Alliance’s June Retreat showcased projects across network
Poster sessions at the Future Ready Alliance’s June Retreat showed that districts are taking a wide variety of approaches to improving opportunities for students to explore and prepare for post-secondary education and careers.
The Alliance is a network of educators that the Consortium brings together to design and implement improvements aimed at ensuring their graduates are well prepared for their futures, not just academically, but also developmentally. The emphasis is on helping all kids find the answers to three critical questions—Who am I? Who do I want to be? and How do I get there?
The June Retreat showcased projects completed during the school year and provided resources for continuing work into 2018-2019, including a presentation on the state’s career education standards and an index the Pennsylvania Department of Education (PDE) will begin using next year to assess whether students are receiving the preparation needed for “future readiness.”
Projects that district and school teams undertook in 2017-2018 ranged from designing a professional development opportunity for faculty at South Allegheny High School to organizing a “Career Camp” at Yough High School and creating a new credential for students to demonstrate “future readiness” at Steel Valley High School.

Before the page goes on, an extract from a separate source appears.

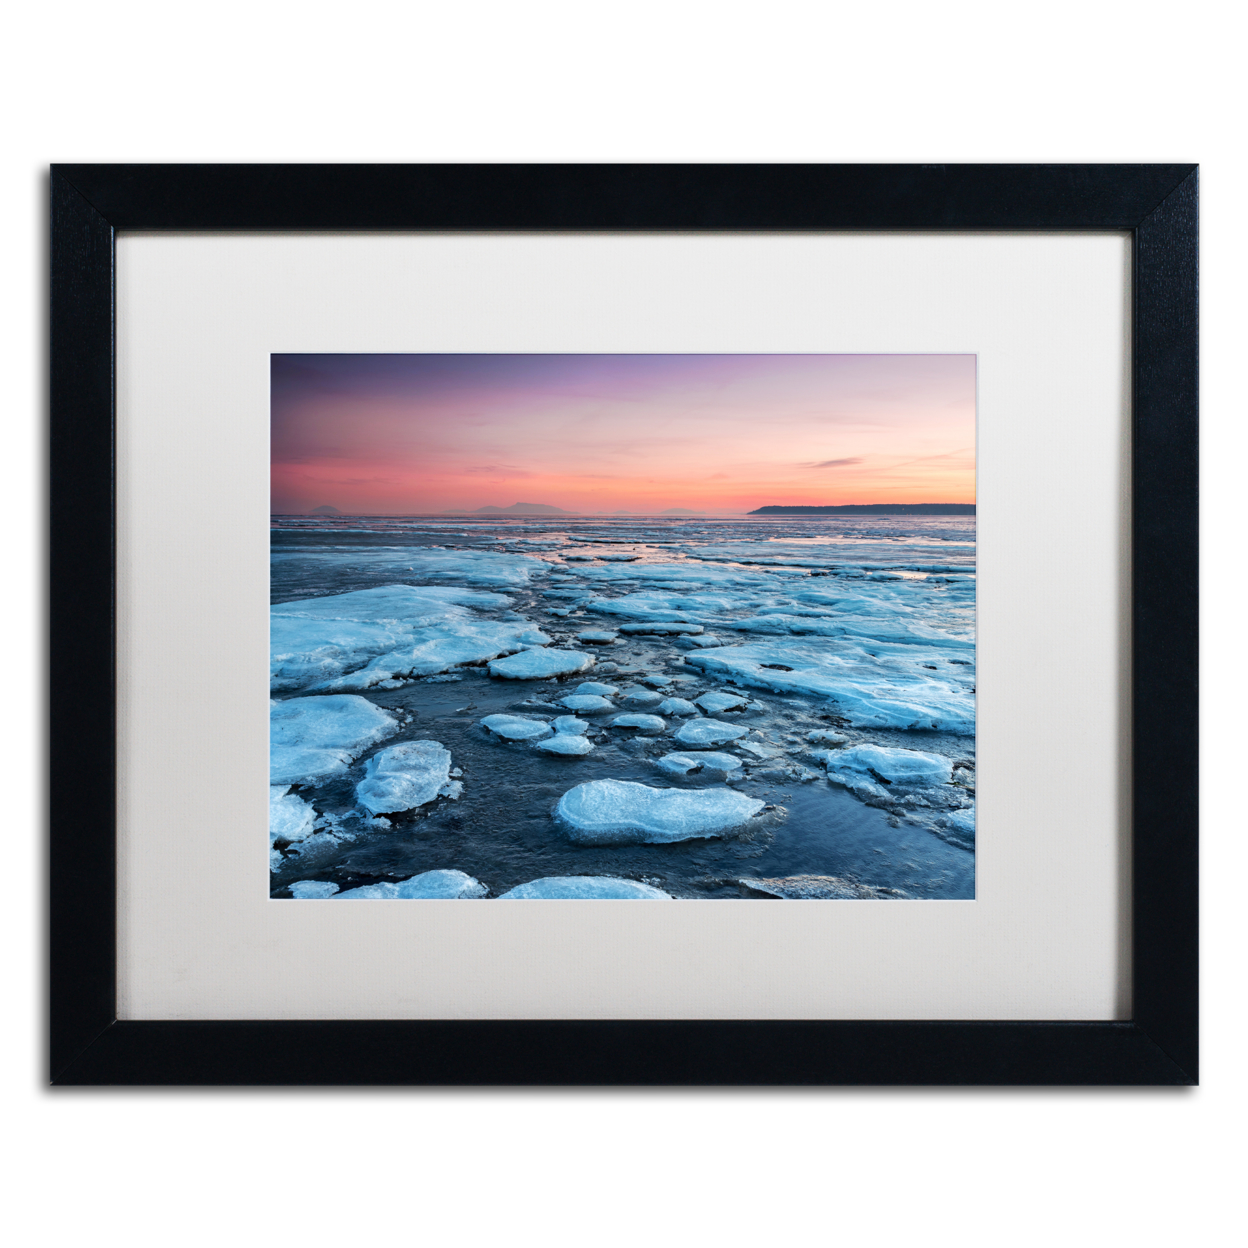 Pierre Leclerc 'Icy Sunrise' Black Wooden Framed Art 18 X 22 Inches

South Allegheny’s professional development opportunity took the form of a Classrooms to Careers Conference that featured presentations by representatives of the Allegheny Conference on Community Development and workshops with 21 different business partners. The Conference was designed to give educators information they need to help students learn about anticipated job opportunities and workplace expectations.
At Yough, a Career Camp offered opportunities to learn about careers, practice soft skills and understand the job application process. Yough’s team planned activities around these elements and offered them during downtime students have in the days when standardized testing occurs. Some were modeled on activities that students participating in the Consortium’s career exploration program, The Future Is Mine (TFIM) use to create a breakout session at the annual Student Leadership Conference, the school’s TFIM advisor Gina Hipps noted. Hipps also sits on Yough’s Alliance team.
Steel Valley’s new credential is aimed at certifying competencies beyond those reflected in a high school diploma, said Superintendent Ed Wehrer. “It will have more value,” he said, noting that diplomas alone merely show that students completed their classes with passing grades and give no indication, for example, of whether they’ve developed other essential skills.
PDE’s Career Readiness Advisor Laura Fridirici told Alliance participants that the work they’re doing should contribute to moving students toward state goals.
A stakeholders’ report compiled when the PDE was formulating its response to ESSA (the Every Student Succeeds Act that Congress passed in 2015) “found kids graduating without a plan,” Fridirici said. Under the Future Ready Index assessment, PDE wants kids to show progress toward career awareness and preparation at every grade level. Among other things, it will look to see what percentage of a district’s 5th graders are engaged in exploration and preparation. By 8th grade, PDE will be looking at what percentage of a district’s “students have created plans” that identify possible career paths that connect to their interests and engage in activities that would help them explore or prepare for those paths.